Collected material:

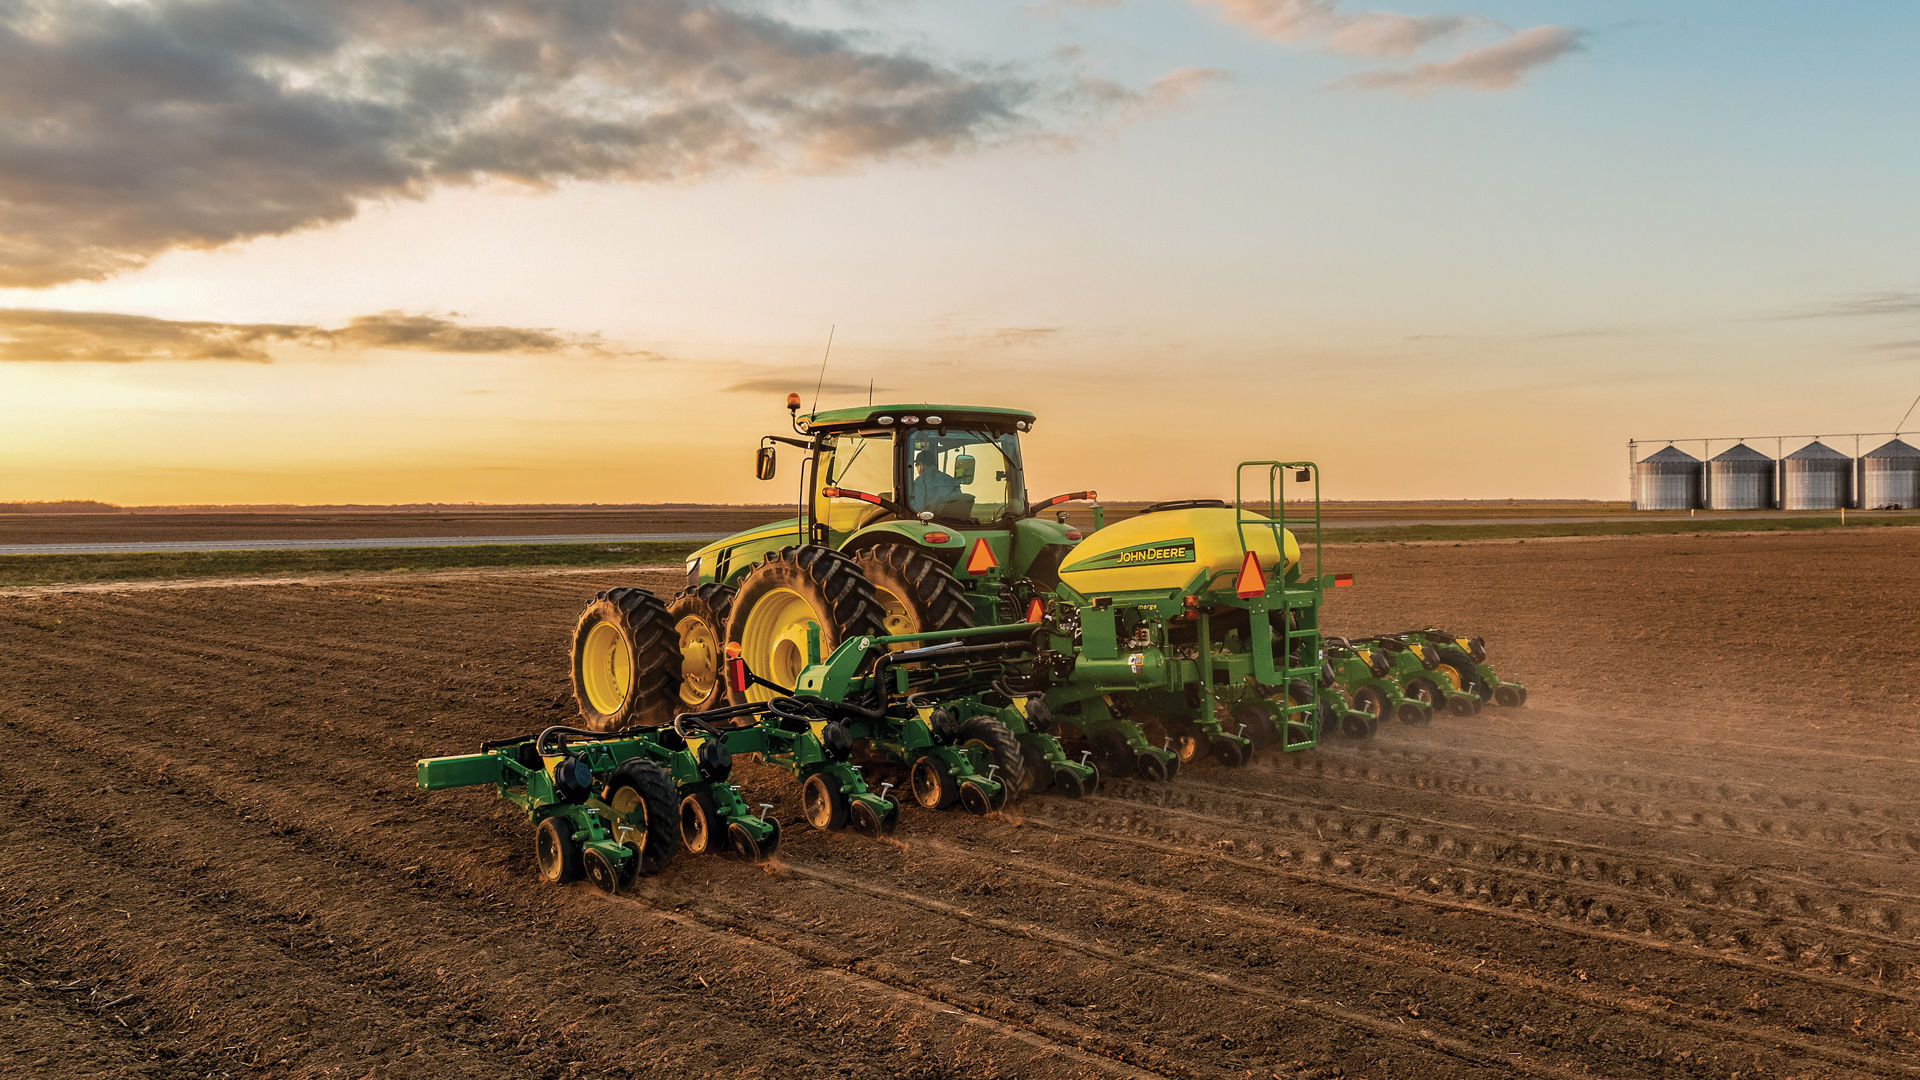 A John Deere tractor and planter in an open field. The blog discusses COVID-19 adaptions happening in Reynolds stores.
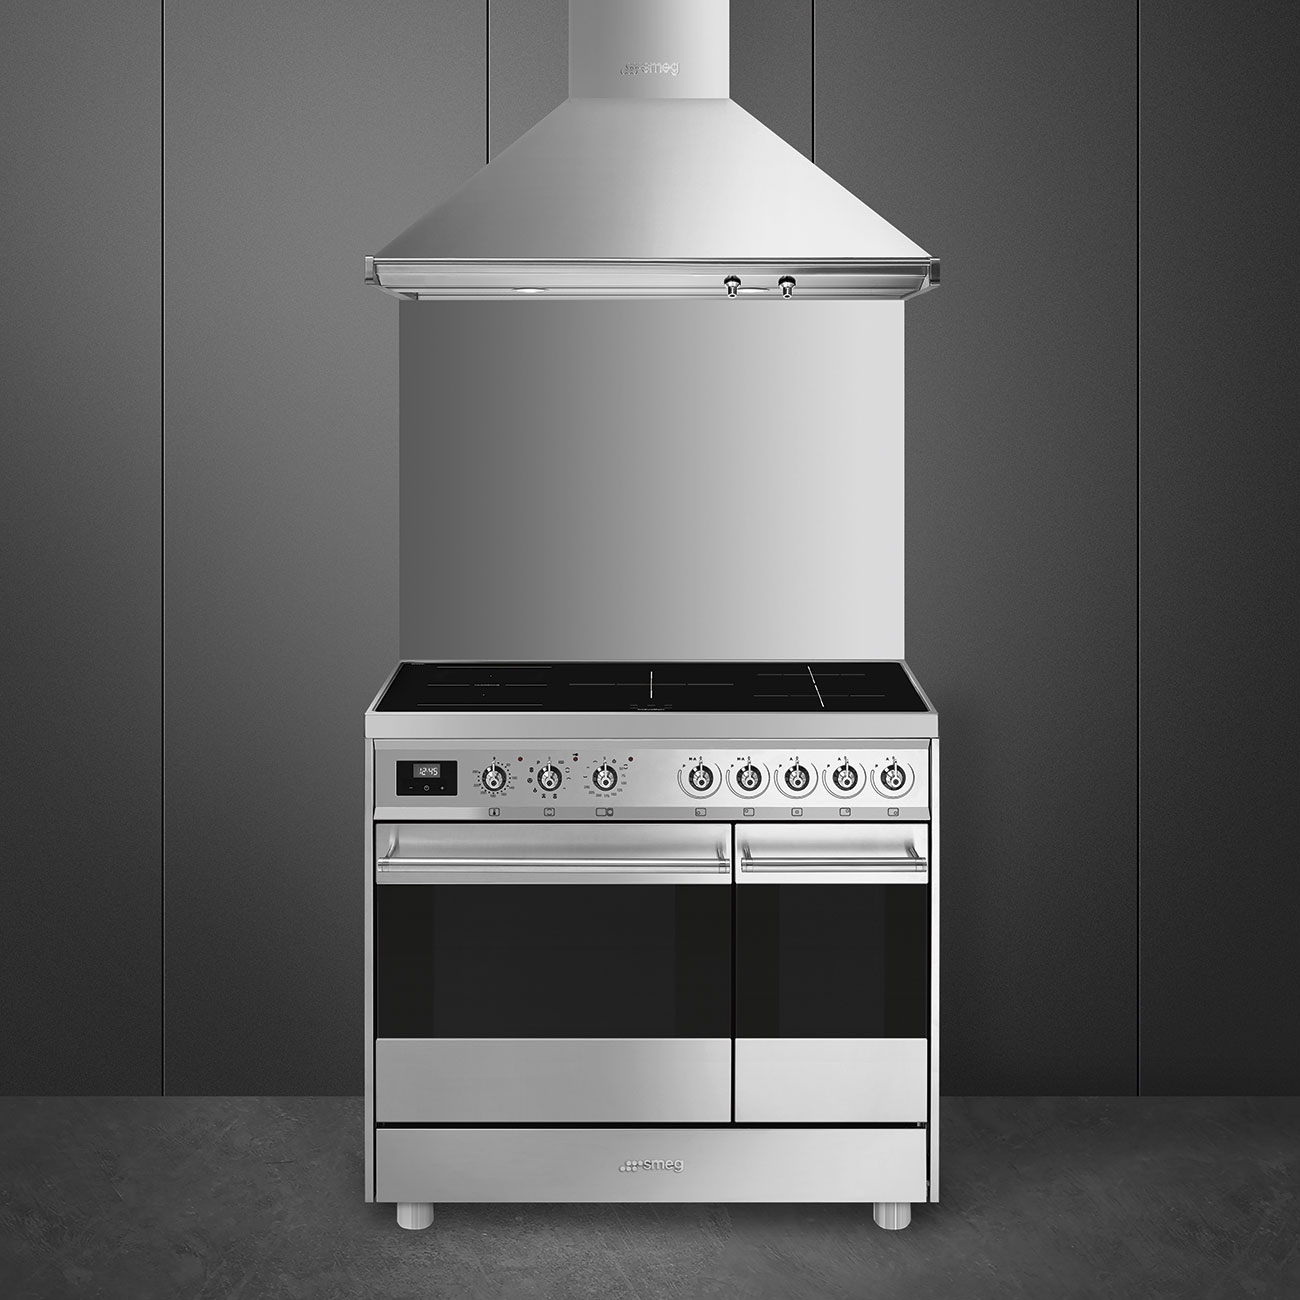 Smeg Stainless steel Cooker with Induction Hob_2
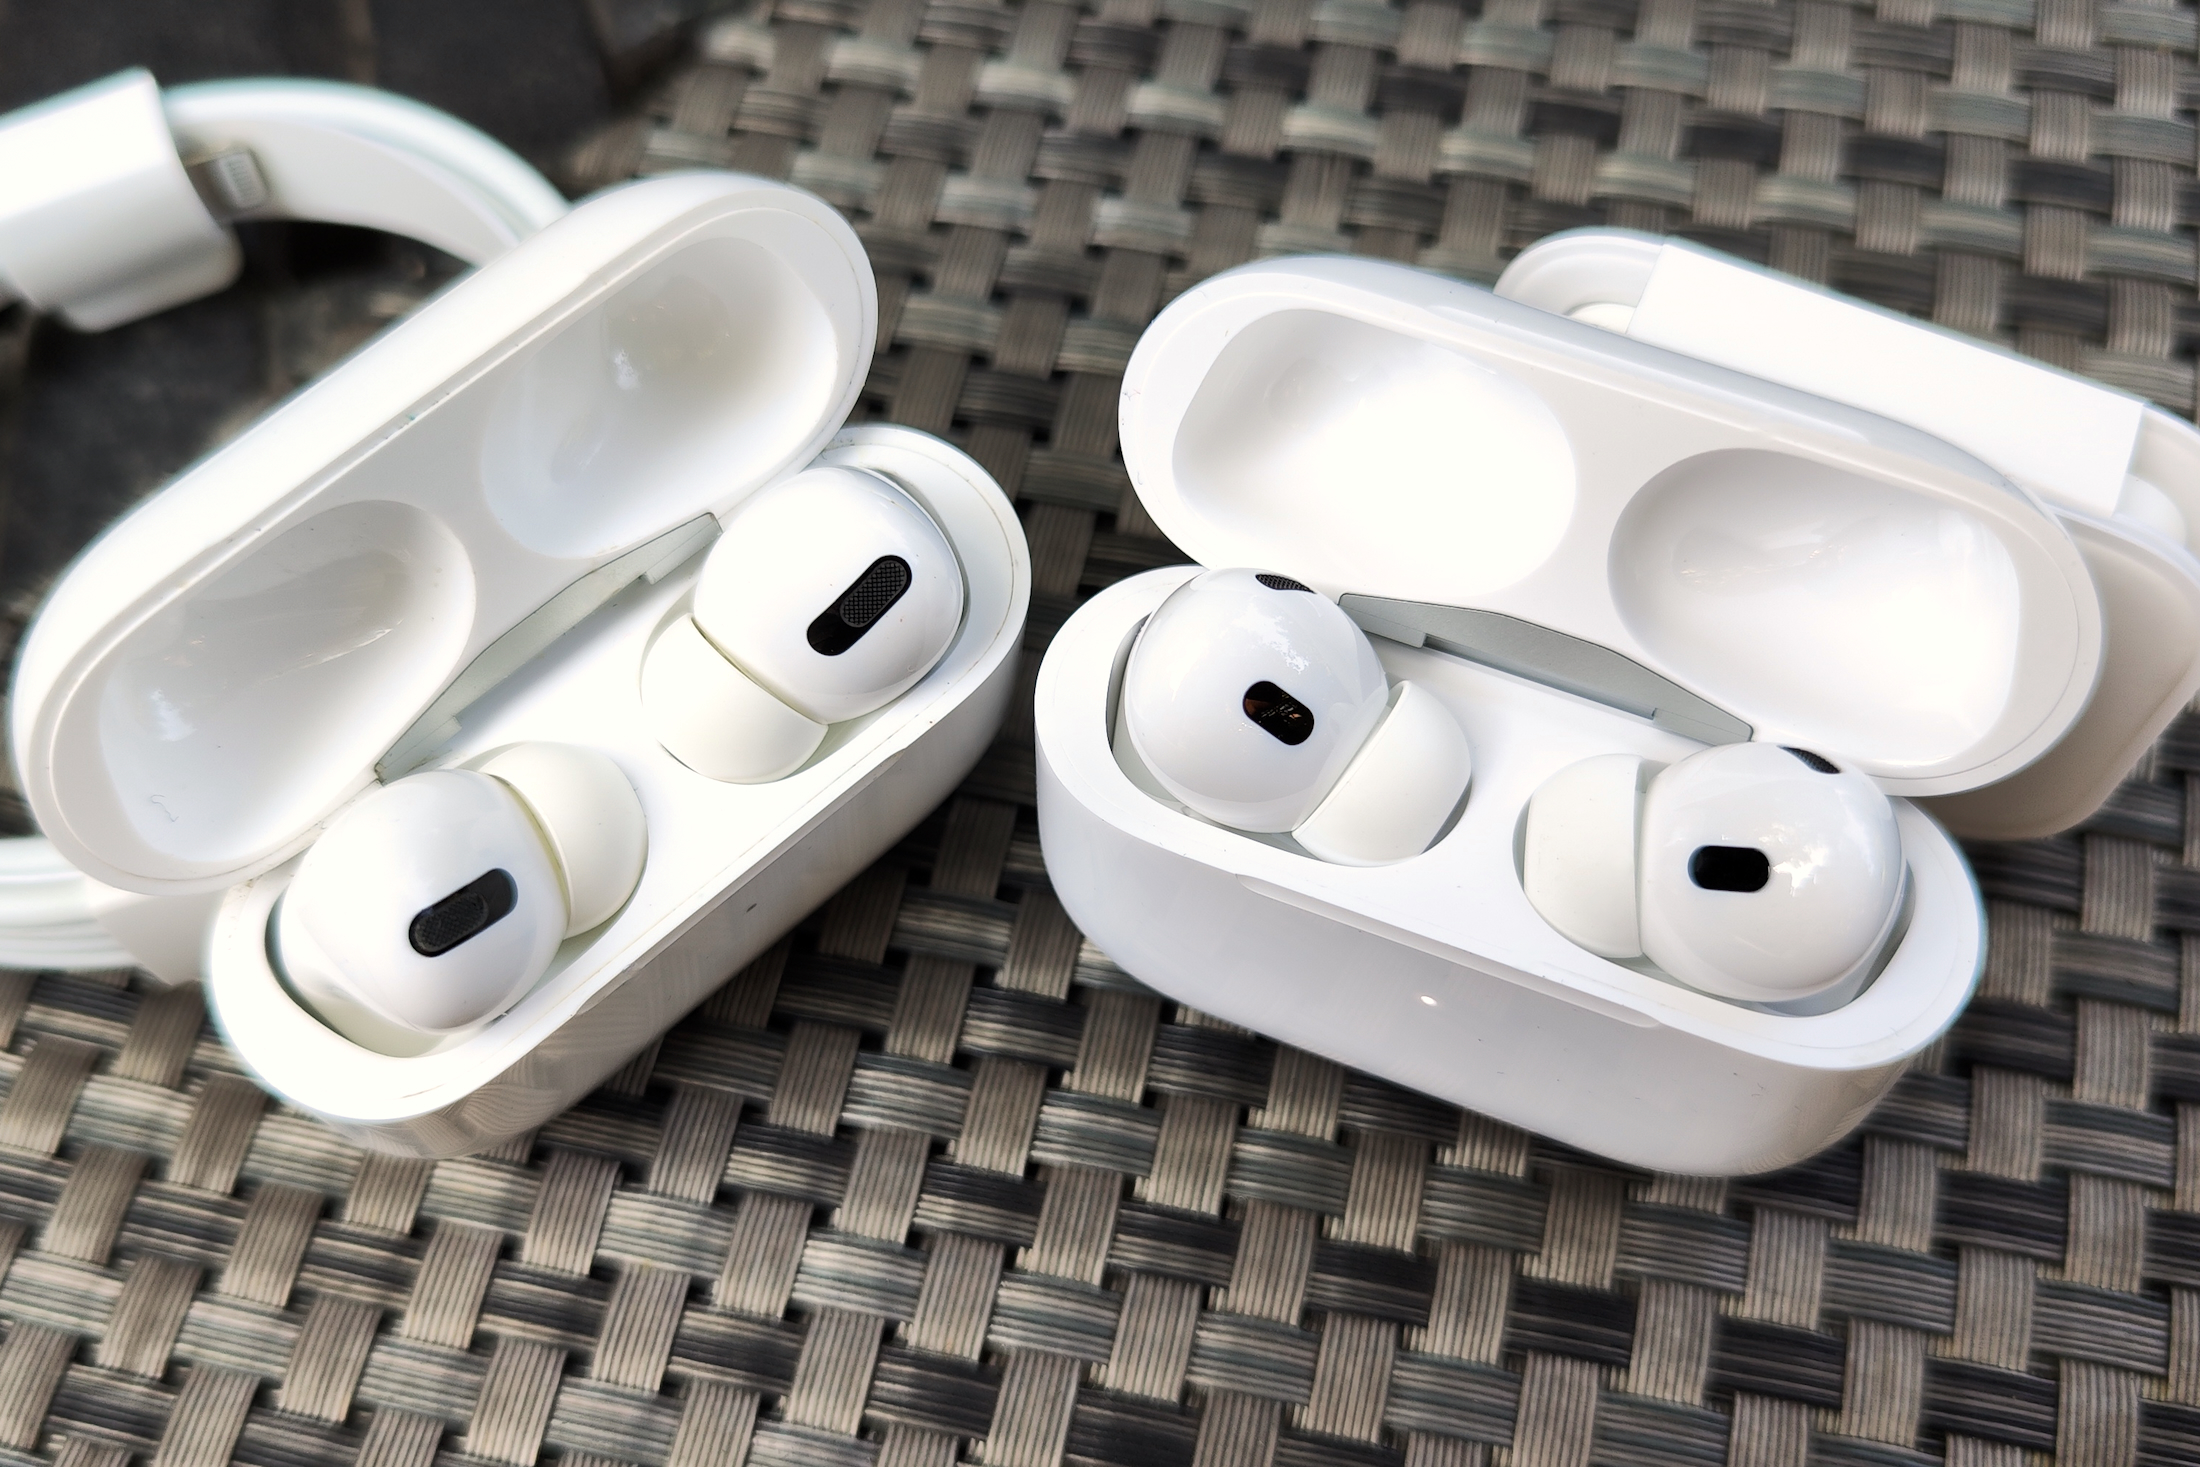 Apple AirPods Pro (1st generation) - full specs, details and review

Task goal: Restate the lines above exactly, from the one bearing "Smeg Stainless steel" through the final line of the material, both included, omitting pictures.

Answer space:
 Smeg Stainless steel Cooker with Induction Hob_2
 Apple AirPods Pro (1st generation) - full specs, details and review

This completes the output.